Climate warming and wetting poses a severe threat to permafrost engineering stability on the Qinghai‒Xizang Plateau

Abstract

Permafrost underpins engineering in cold regions but is highly sensitive to climate change. The mechanisms linking climate warming, precipitation changes, and permafrost degradation to infrastructure stability remain poorly understood on the Qinghai‒Xizang Plateau (QXP). Here, we present a multi-factor framework to quantify climate impacts on permafrost engineering stability. Our findings reveal a 26.7% decline in permafrost engineering stability from 2015 to 2100, with areas of extremely poor stability expanding by 0.3 × 10⁴ km² per decade (SSP2-4.5) and 0.6 × 10⁴ km² per decade (SSP5-8.5).
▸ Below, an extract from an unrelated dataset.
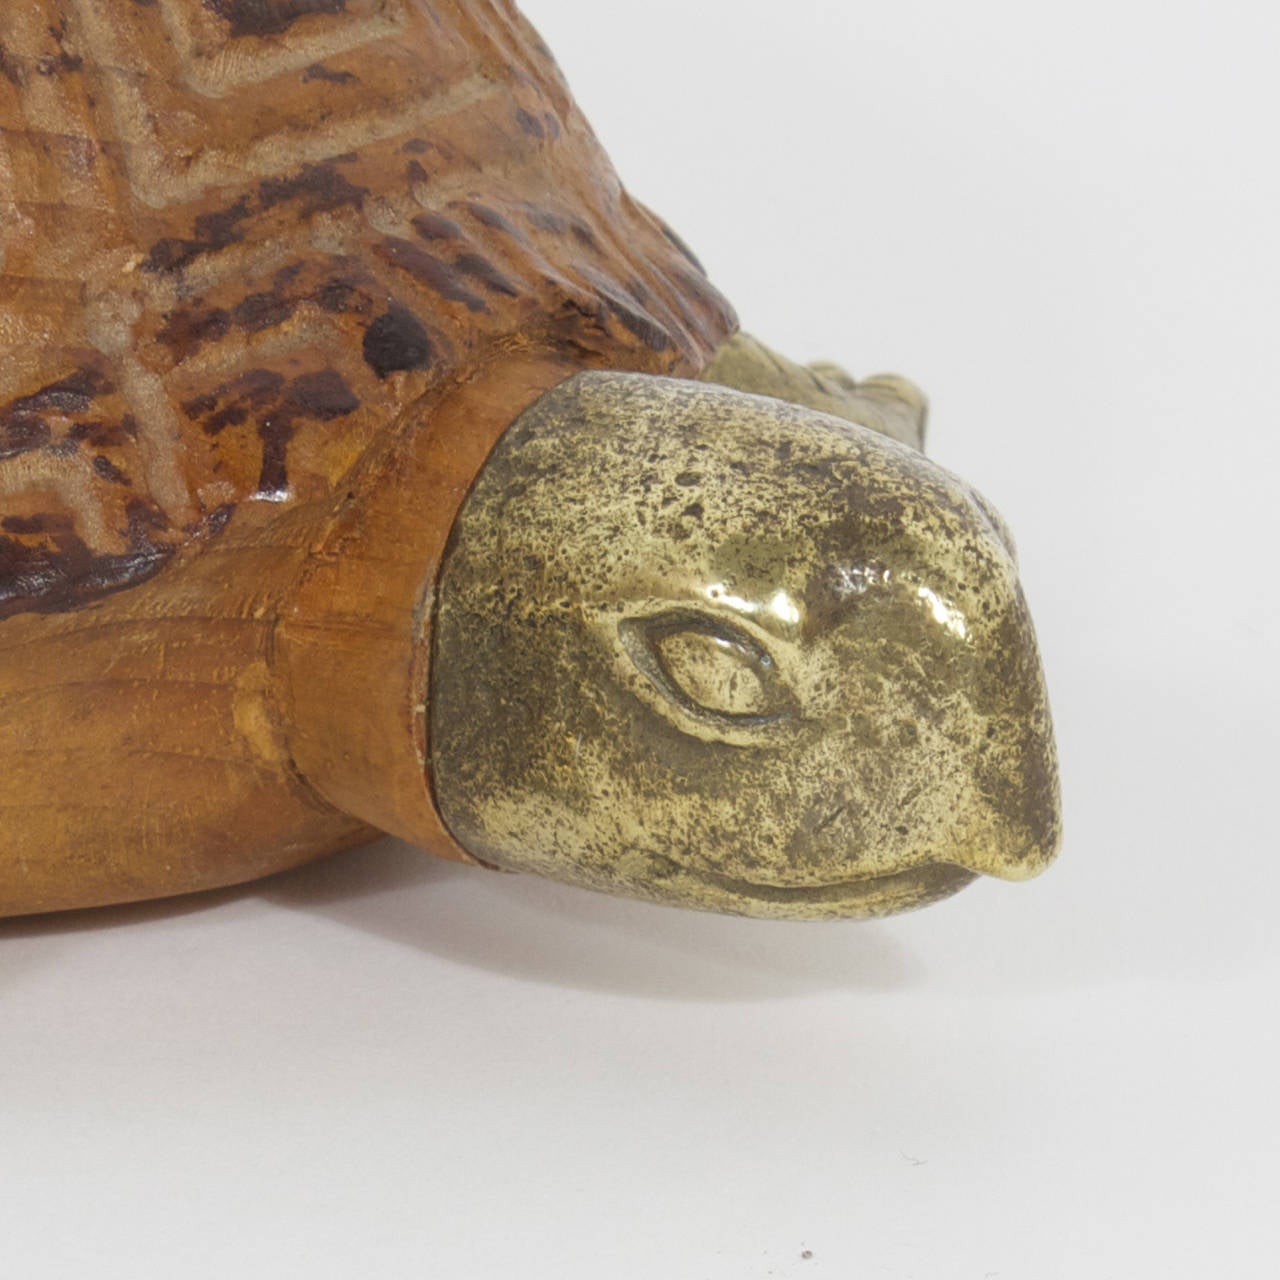 Sarreid turtle carved from a single block of exotic wood to create a life like turtle shell.  The legs, head and tail are made of Brass and make an intriguing blend of colors and textures. Slow and steady wins the race.

Meanwhile, regions with relatively better stability shrink by 2.0 × 10⁴ km² and 2.9 × 10⁴ km² per decade, respectively. These changes driven primarily by a warming and wetting climate pattern. Moreover, engineering stability is maintained in northwestern and interior regions, whereas warmer, ice-saturated areas in the central plateau and southern Qilian Mountains degrade rapidly. Notably, cold permafrost is warming faster than warm permafrost, increasing its vulnerability. These insights provide a critical basis for guiding the future design, construction, and maintenance of permafrost infrastructure, enabling the development of adaptive engineering strategies that account for projected climate change impacts.